Hello all. I’m using Knime to do text processing against helpdesk comments between customers and engineers, with the goal of extracting common themes. The difficulty I have is that Knime is extremely slow or hangs for some nodes, so far the below takes 30+ minutes to several hours, unless Knime hangs entirely.
- Flat File Document Parser
- Term Frequency
- Topic Extractor
- Chi-Square Keyword Extractor
I’ve done the following to improve performance:
- Referenced blog post Optimizing Knime workflows for performance
- knime.ini file is
-startup
plugins/org.eclipse.equinox.launcher_1.3.200.v20160318-1642.jar
–launcher.library
plugins/org.eclipse.equinox.launcher.win32.win32.x86_64_1.1.400.v20160518-1444
-vm
plugins/org.knime.binary.jre.win32.x86_64_1.8.0.152-01/jre/bin
–launcher.defaultAction
openFile
-vmargs
-XX:MaxPermSize=2048m
-Dorg.knime.container.cellsinmemory=10000000
–Dknime.compress.io=false
-server
-Dsun.java2d.d3d=false
-Dosgi.classloader.lock=classname
-XX:+UnlockDiagnosticVMOptions
-XX:+UnsyncloadClass
-Dsun.net.client.defaultReadTimeout=0
-XX:CompileCommand=exclude,javax/swing/text/GlyphView,getBreakSpot
-Xmx10240m
-Dorg.eclipse.swt.browser.IEVersion=10001
-Dsun.awt.noerasebackground=true
-Dequinox.statechange.timeout=30000 - Knime is running on a laptop with 16 GB memory
- Have modified long running nodes to use “keep all in memory” instead of “keep only small tables in memory”.

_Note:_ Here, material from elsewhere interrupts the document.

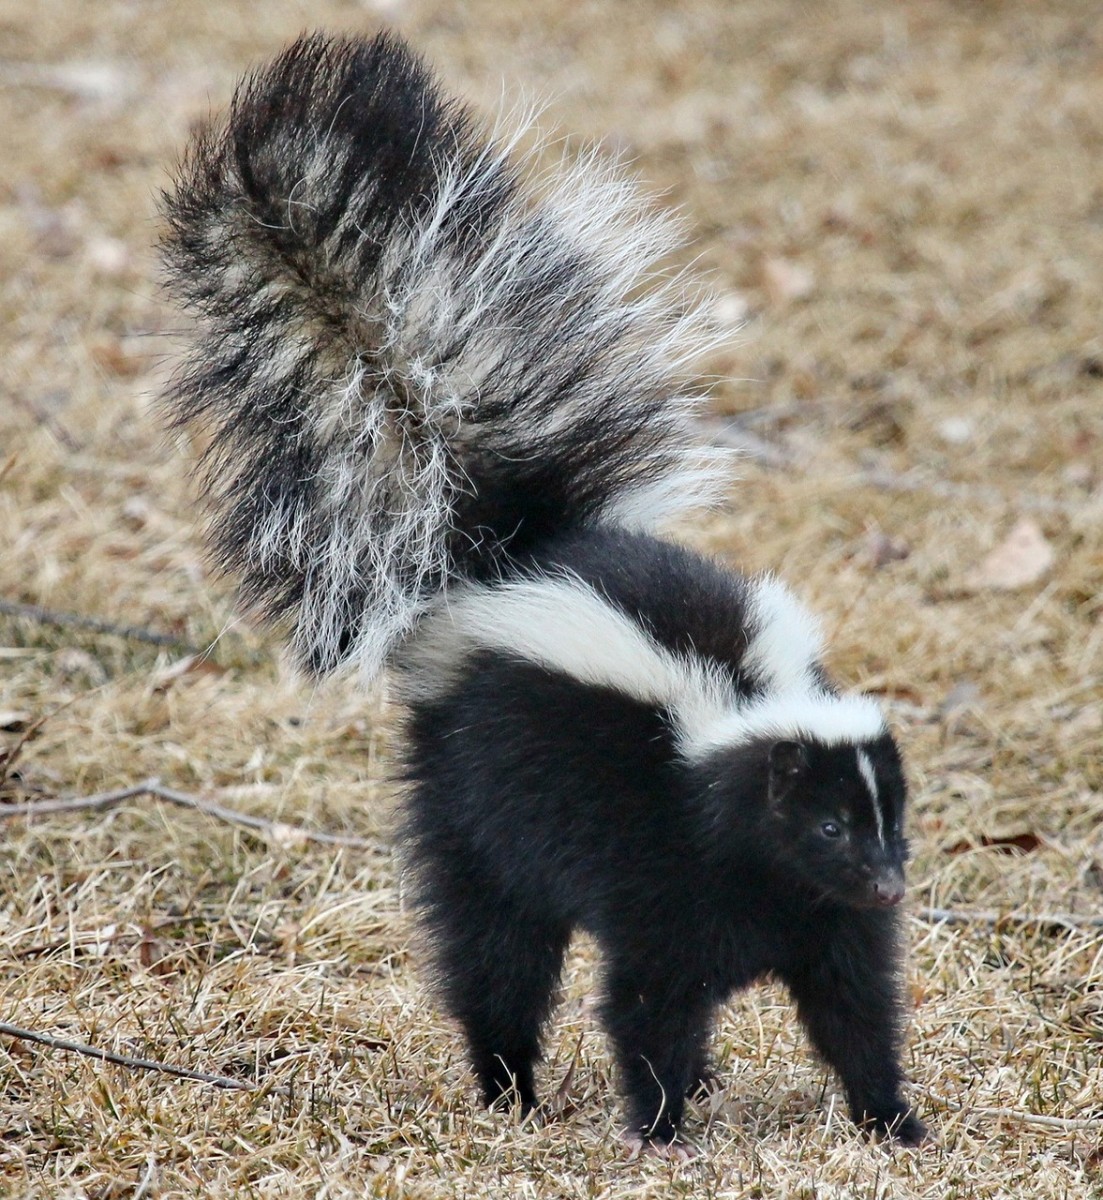 Stinky the skunk

The file size for a csv file with a one year date range is 90 MBs typically crashes the LDA node, and a sample size of one day (only 27 kbs) took 20 minutes to complete. What would be the expected completion time for these nodes?
When crashing, usually there is a GC overhead limit error such as below. I’ve tried raising and lowering the GC param value.

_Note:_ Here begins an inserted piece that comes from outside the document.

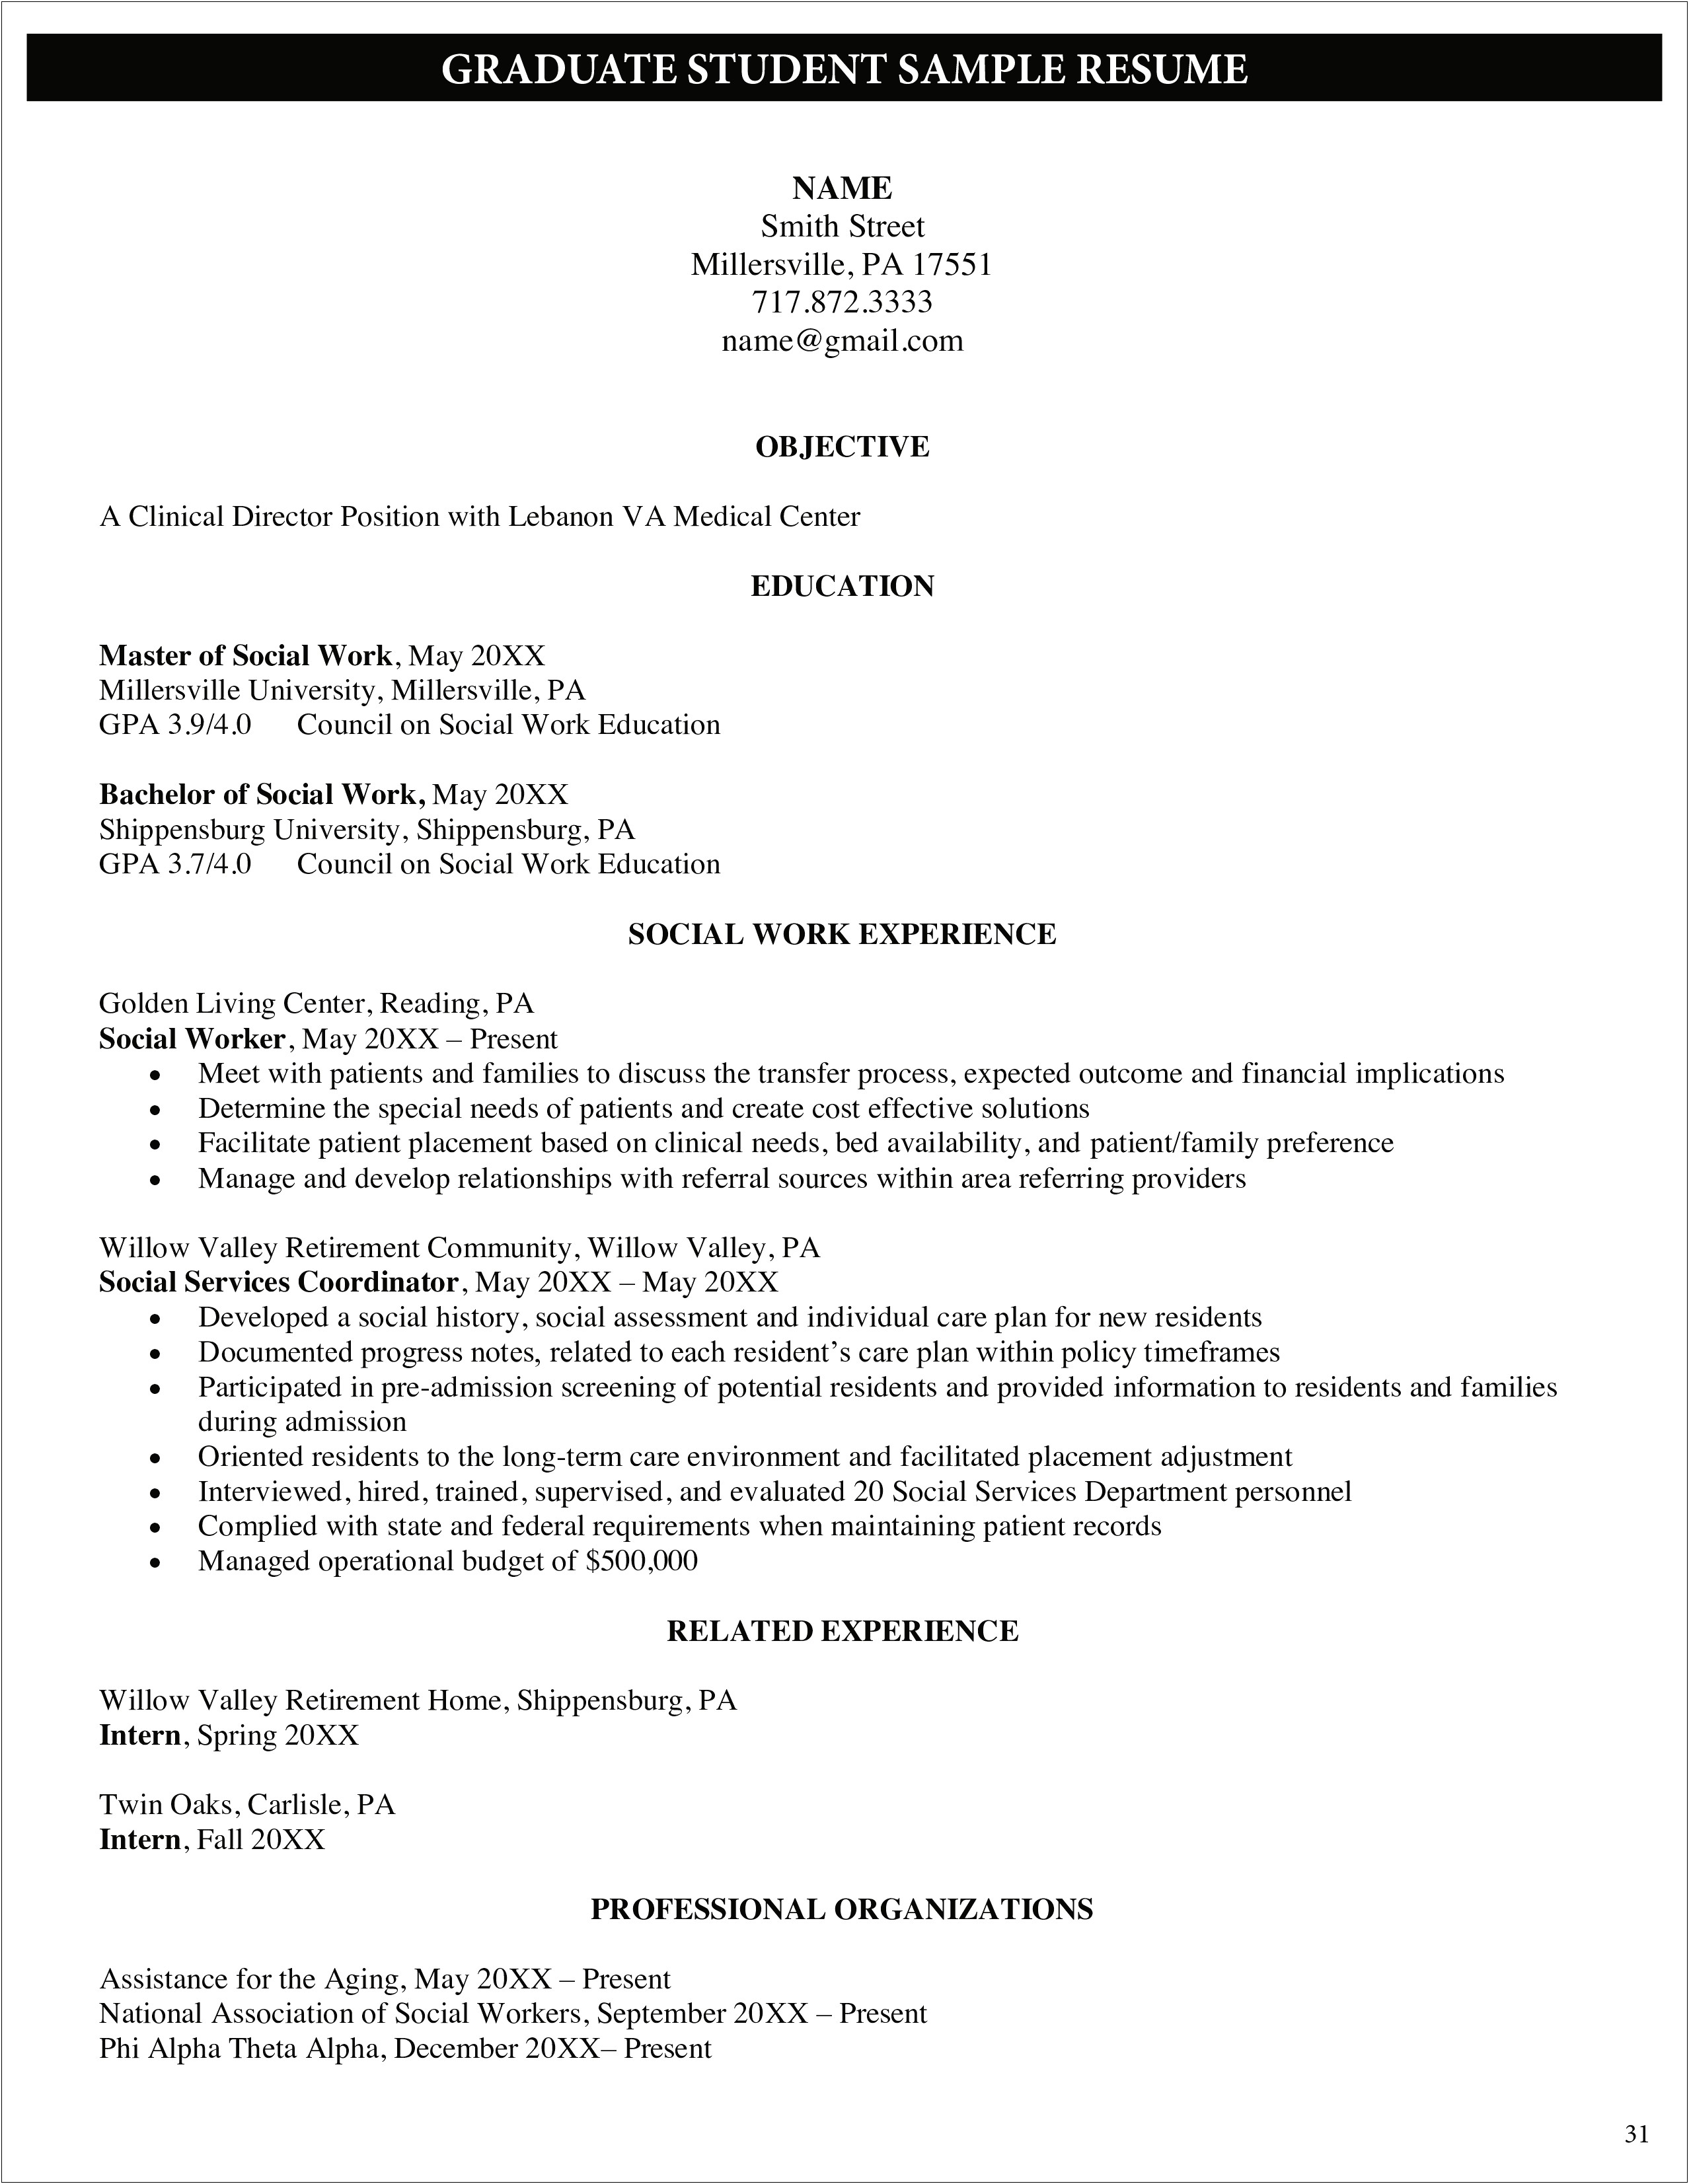 Sample Resume For Undergraduate Transfer Student

ERROR Keygraph Keyword Extractor 0:79 Execute failed: GC overhead limit exceeded
WARN Chi-Square Keyword Extractor 0:78 Execution canceled
ERROR Topic Extractor (Parallel LDA) 0:61 Execute failed: GC overhead limit exceeded
Unfortunately there are a lot of custom stopwords that I need to filter out, so the work is extremely iterative. It would be helpful if I could complete the workflow from start to finish in a shorter timeframe.
Thanks, Terry